Best practices for PKI with 2003 and XP

Here are some webcasts on how to implement a Publick Key Infrastructure:
Best Practices for Implementing a Microsoft Windows Server 2003 Public Key Infrastructure - http://www.microsoft.com/technet/prodte...03/technologies/security/ws3pkibp.mspx

If you read nothing else, this is the guide to examine. This online whitepaper covers every aspect of best practices in PKI, from planning, deployment, offline roots, scenarios, samples, and the rest.

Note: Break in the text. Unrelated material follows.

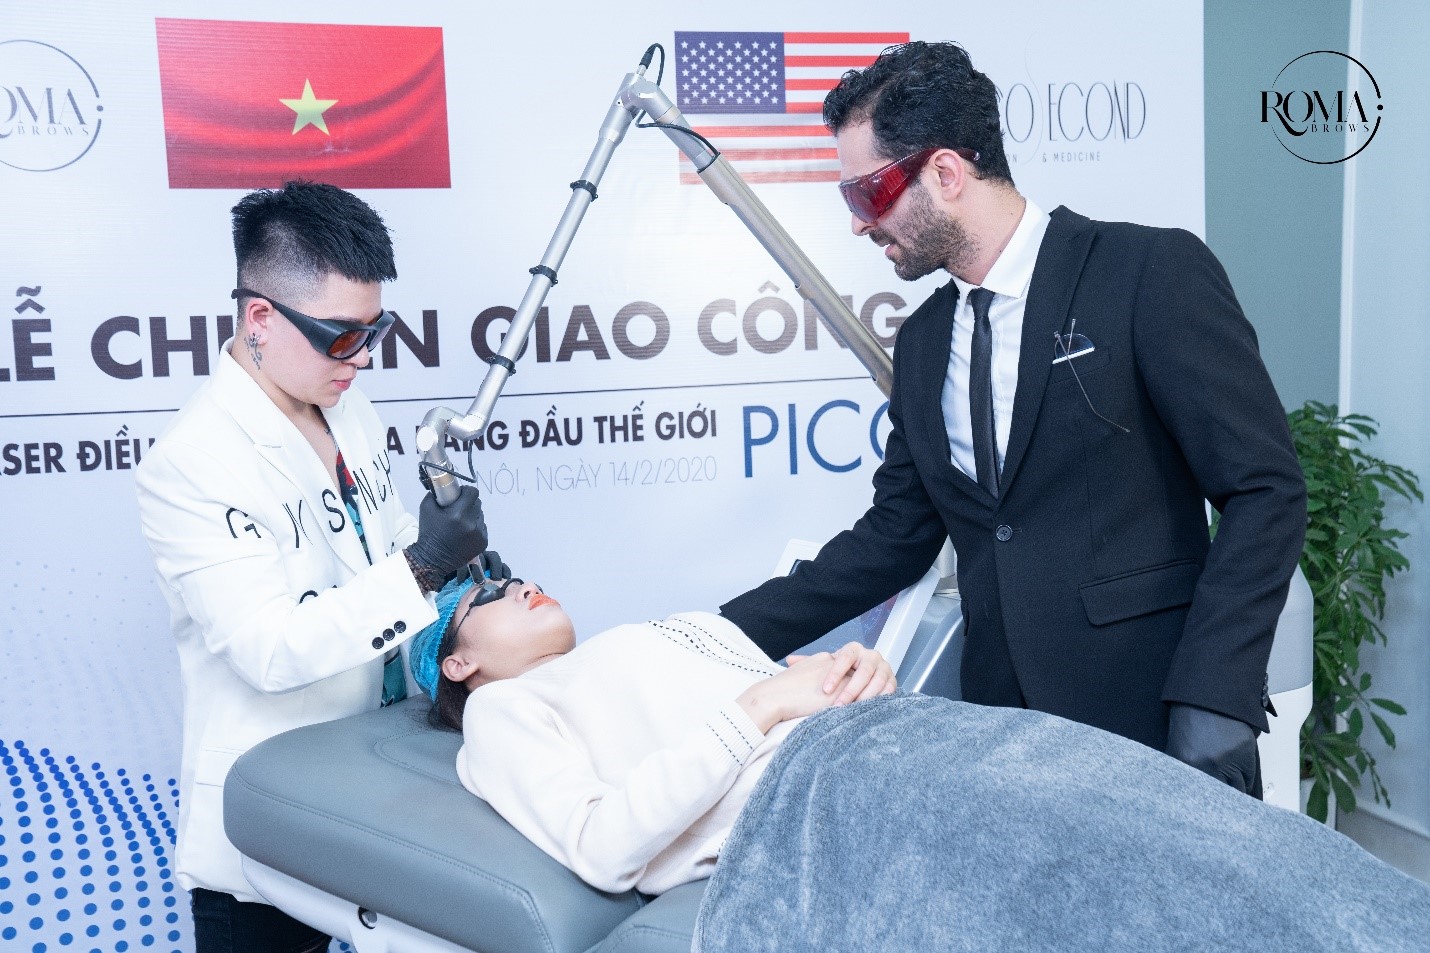 Roma Brows nhận chuyển giao công nghệ Laser Pico Max – công nghệ xóa xăm hàng đầu thế giới

TechNet Support WebCast: Best Practices for Public Key Infrastructure: Steps to build an offline root certification authority (part 1 of 2) - http://support.microsoft.com/default.aspx?scid=kb;en-us;896733

TechNet Support WebCast: Best practices for Public Key Infrastructure: Setting up an offline subordinate and an online enterprise subordinate (part 2 of 2) - http://support.microsoft.com/default.aspx?scid=kb;en-us;896737

Finally, the above two online webcasts cover the end-to-end process of creating an offline root certificate authority structure for maximum security. This two-part presentation walks through the entire process, and is great for people that want to see how it works before digging into whitepapers and labs to make it all happen.